Print exactly the lines of the listing below from the one containing "Gift Guide Shop: Red" through the final line, both included, and no pictures.
*** Opening of SUPPLIED MATERIAL ***
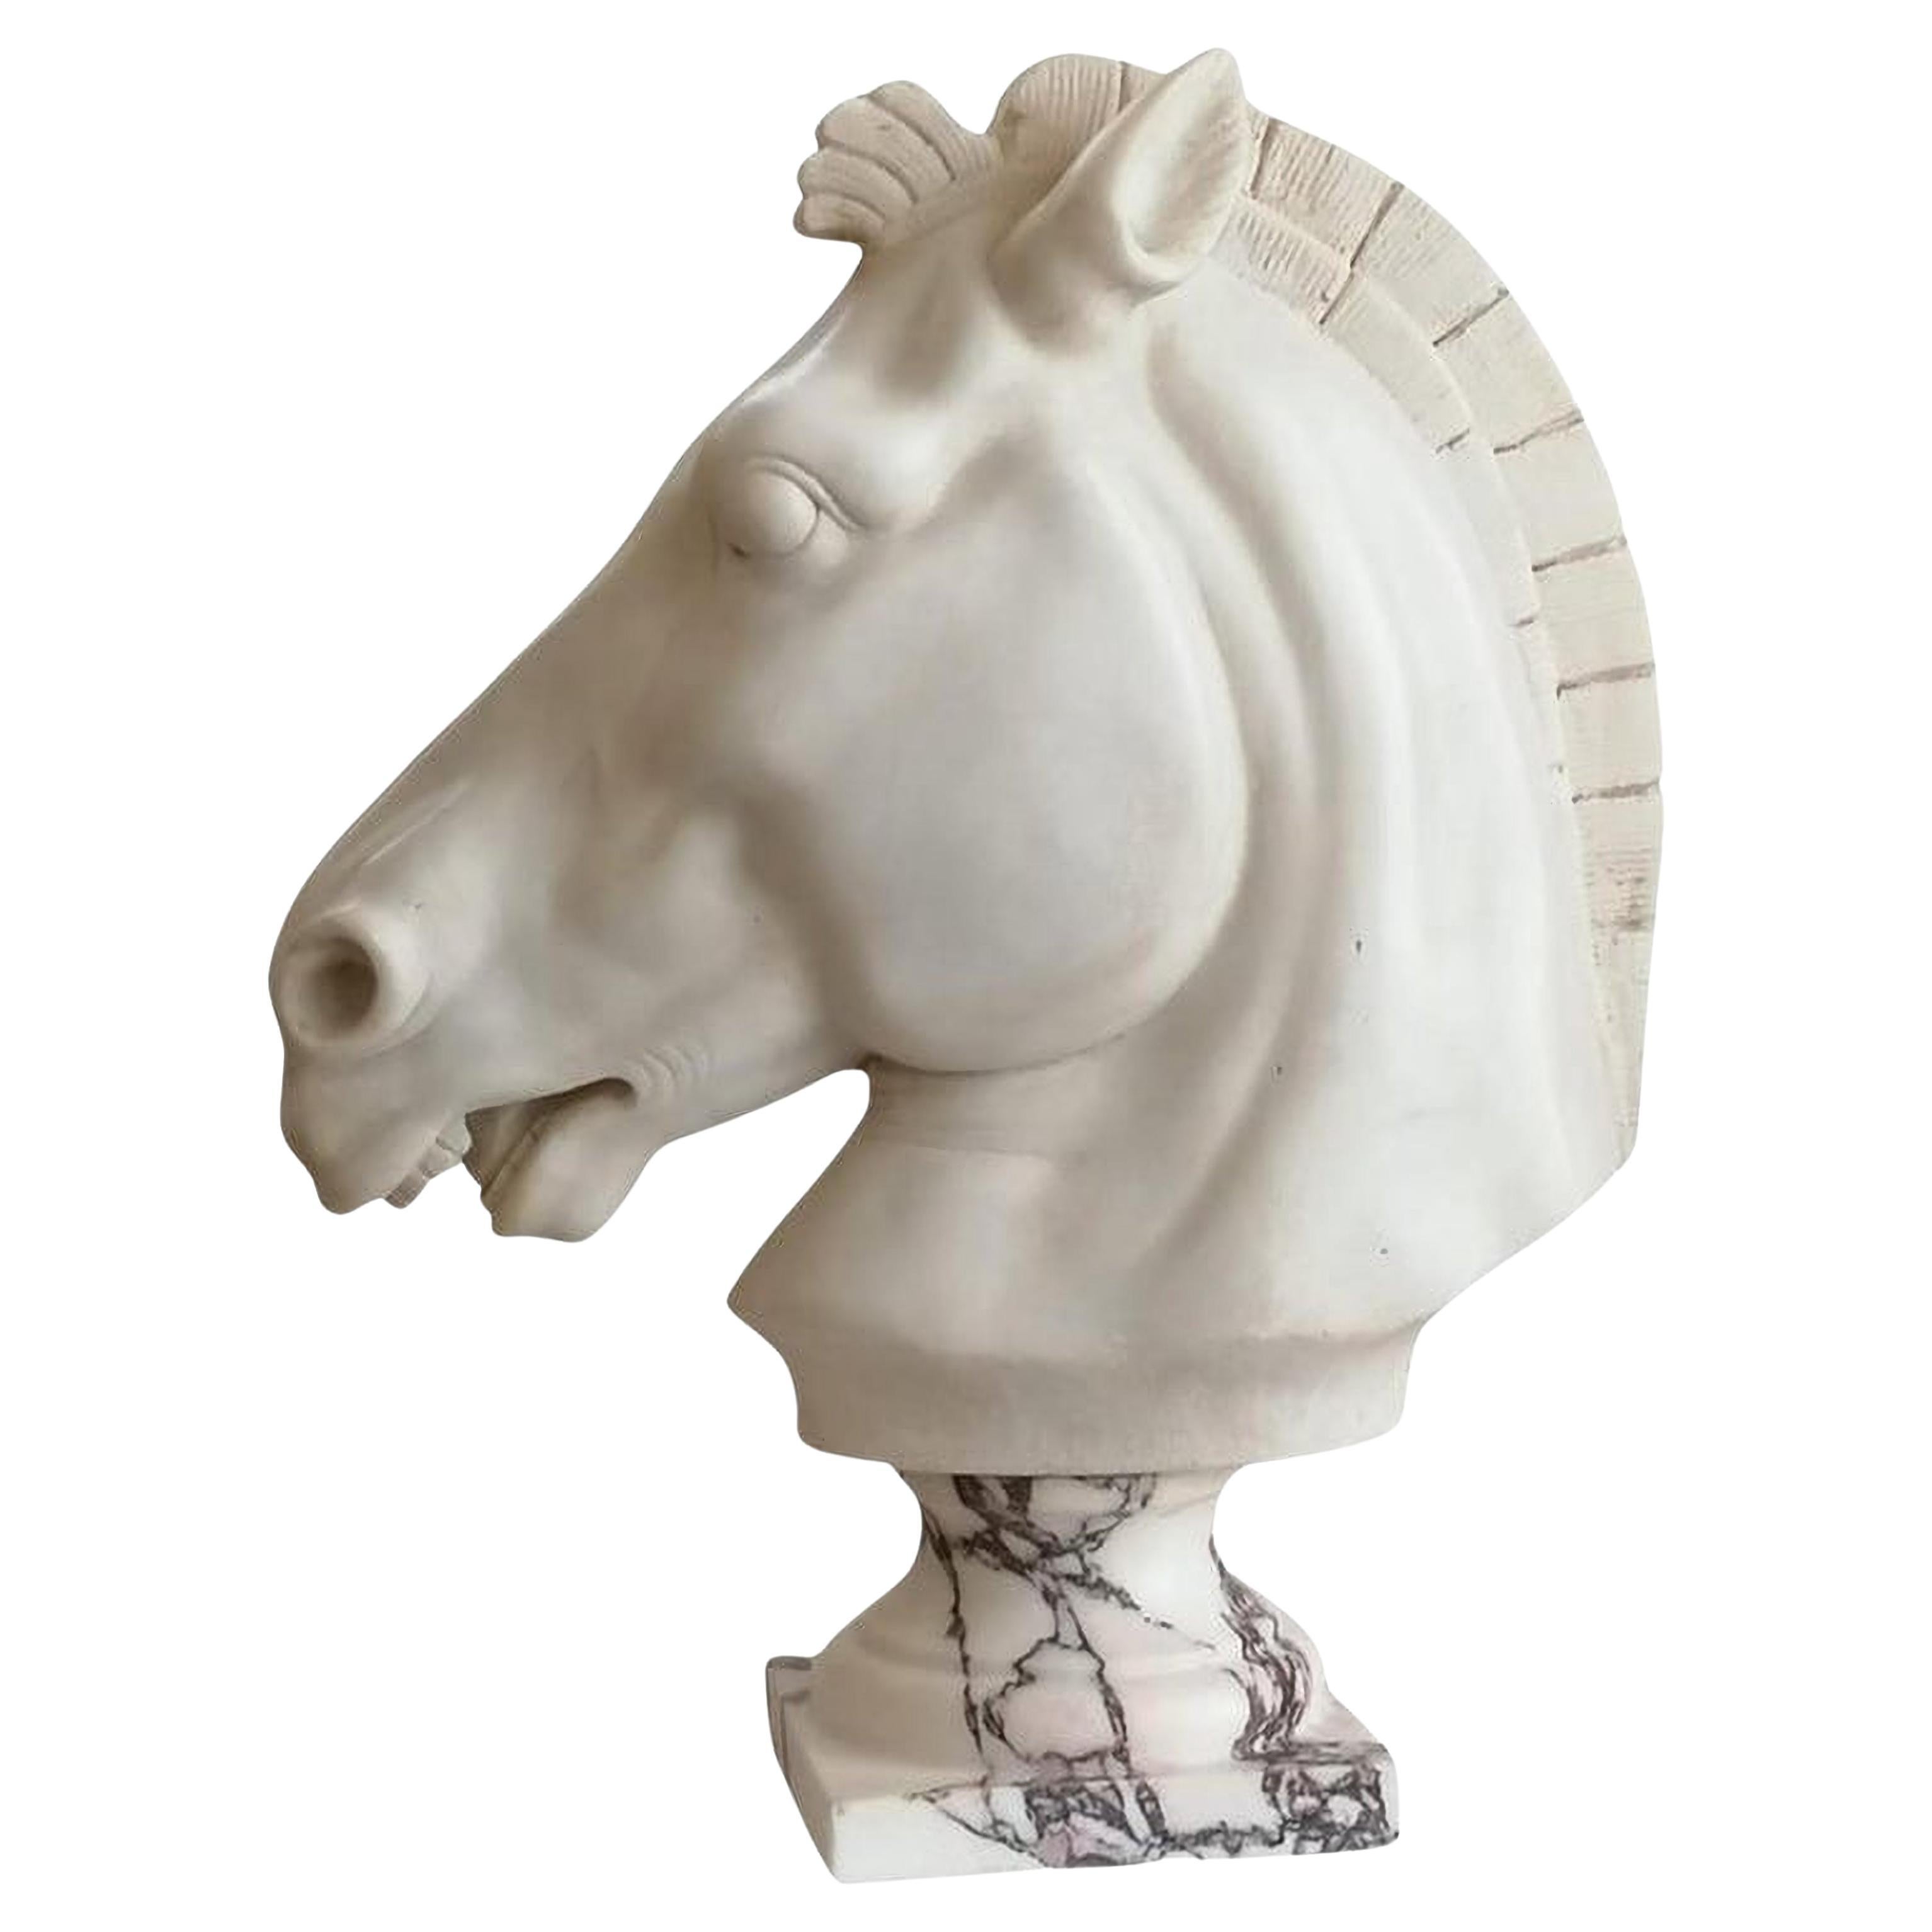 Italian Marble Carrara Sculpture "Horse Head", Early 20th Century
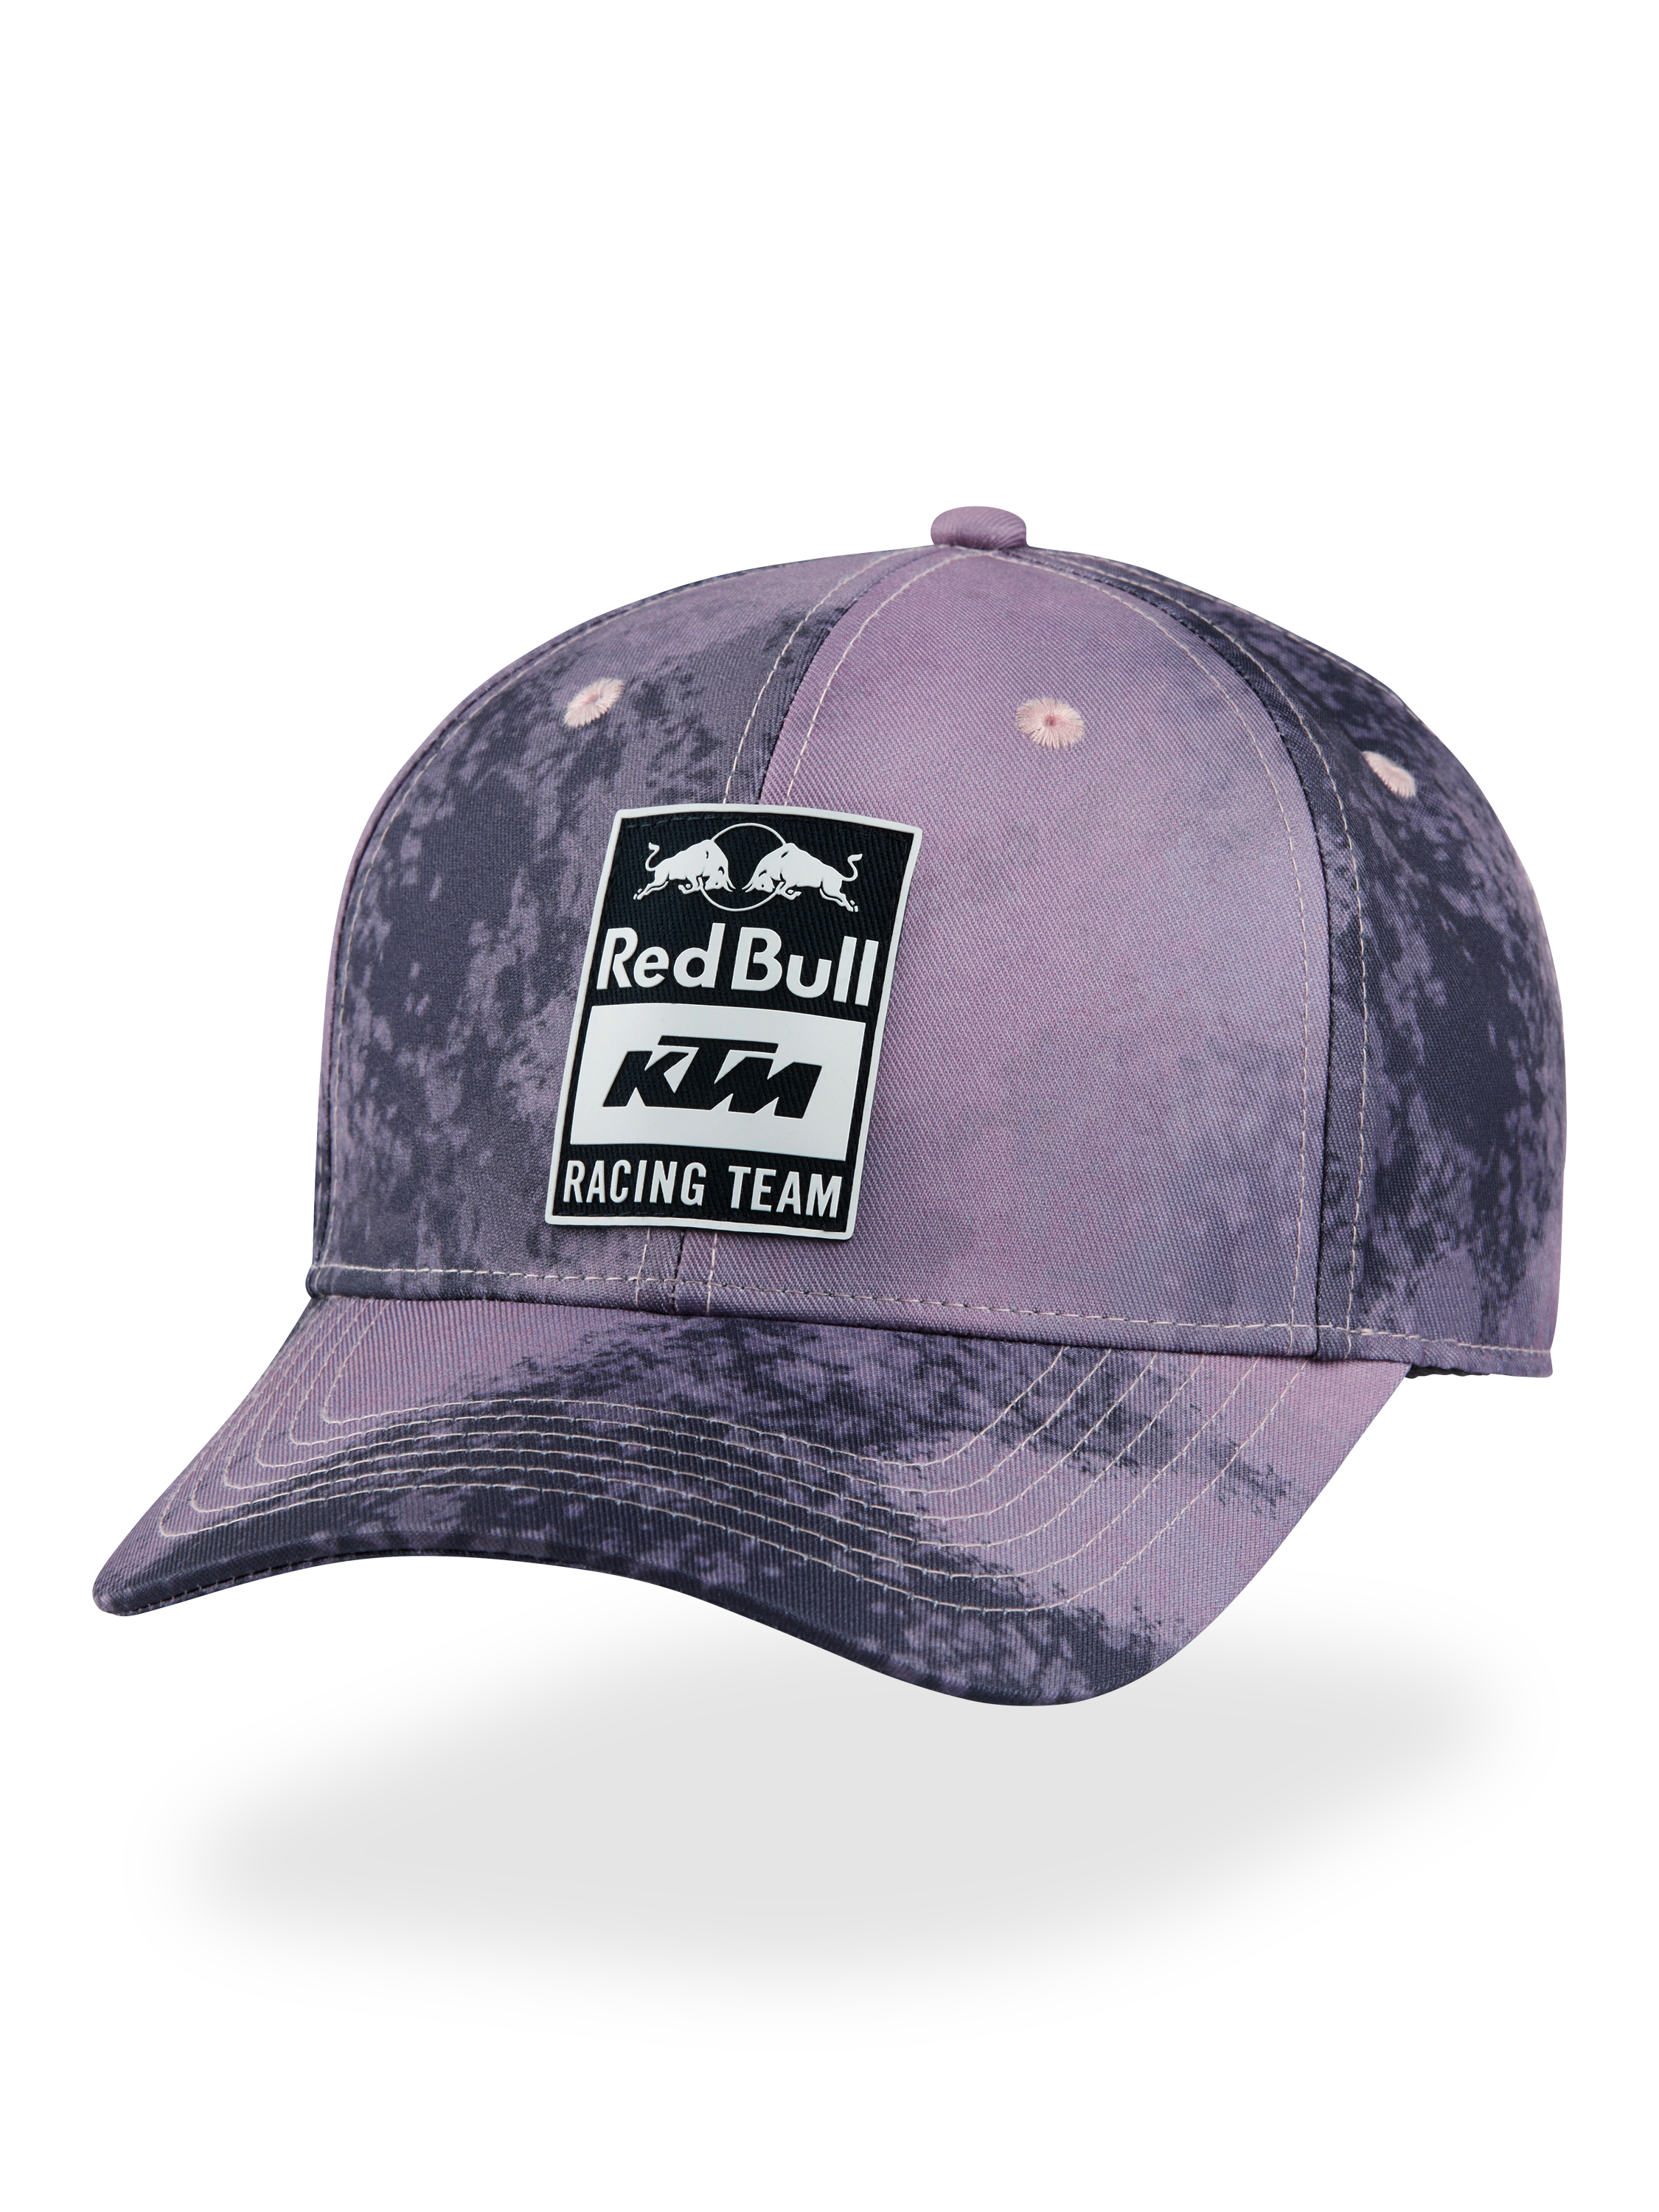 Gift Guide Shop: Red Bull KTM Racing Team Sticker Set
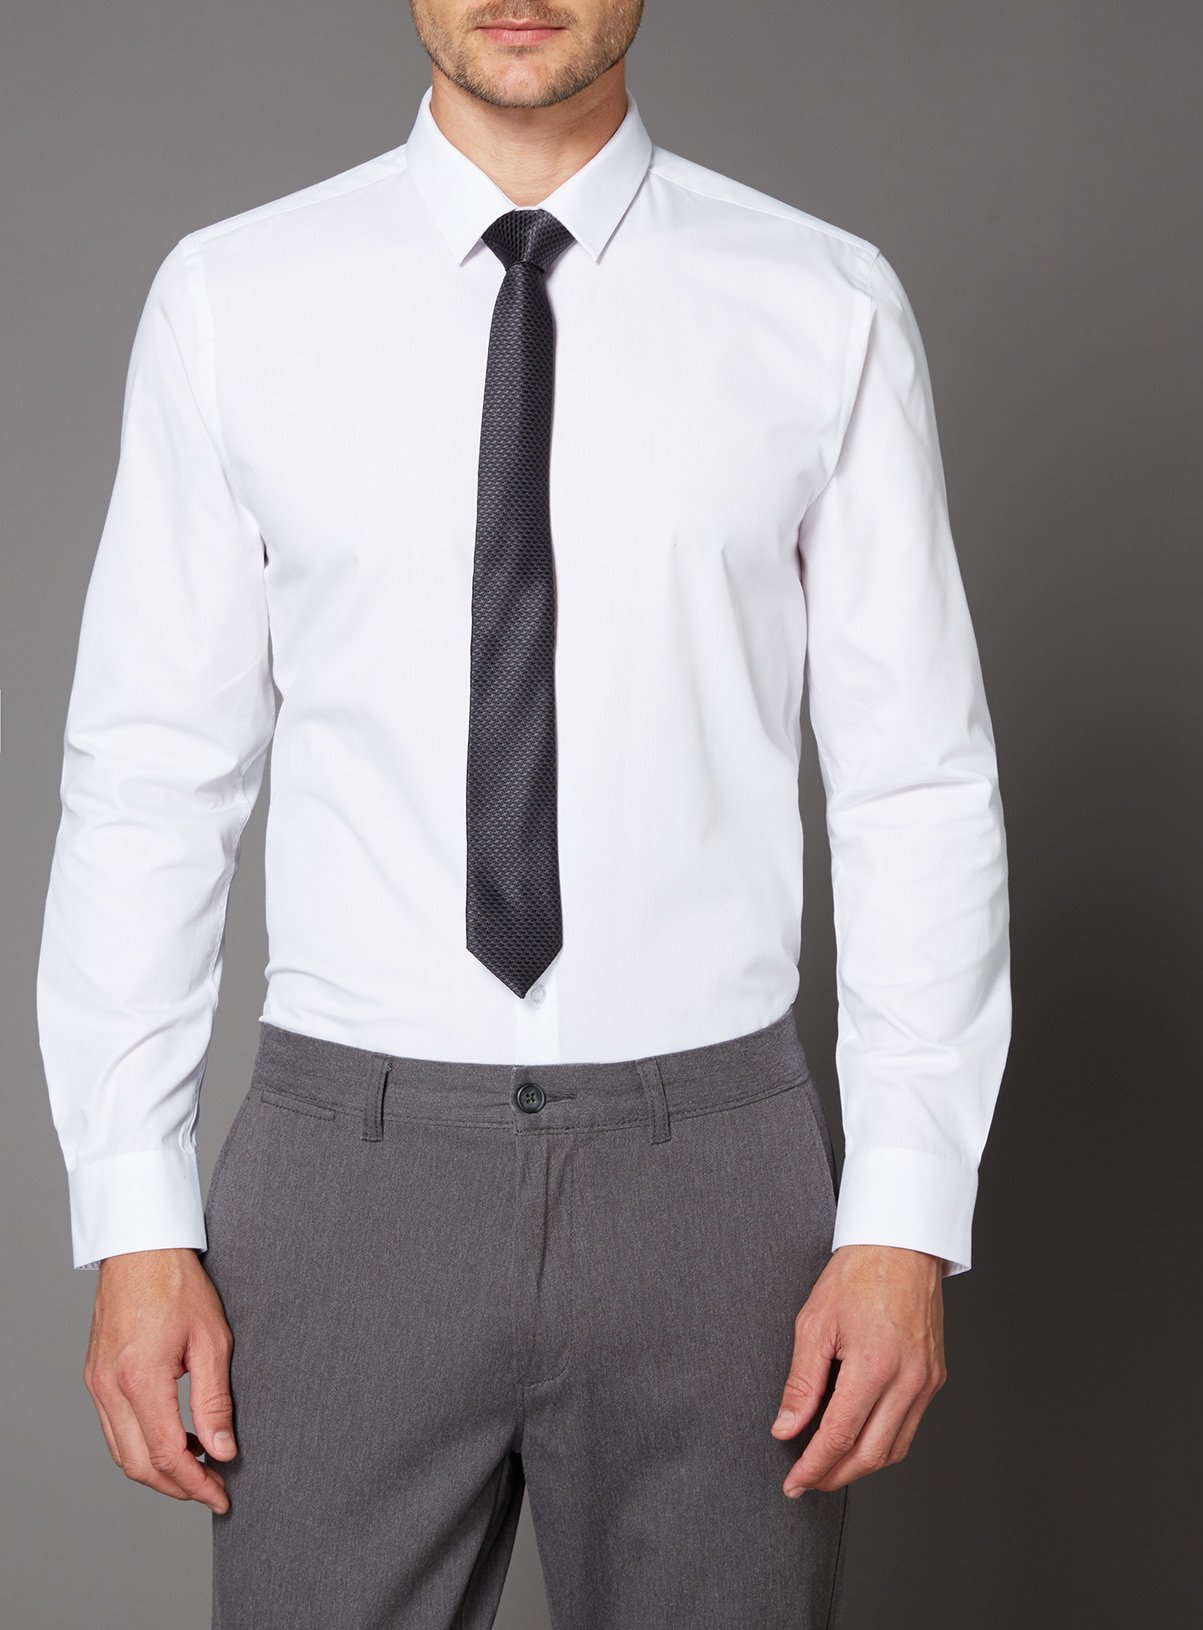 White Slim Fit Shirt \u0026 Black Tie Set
*** Close of SUPPLIED MATERIAL ***
__WRITTEN ANSWER__:
 Gift Guide Shop: Red Bull KTM Racing Team Sticker Set
 White Slim Fit Shirt \u0026 Black Tie Set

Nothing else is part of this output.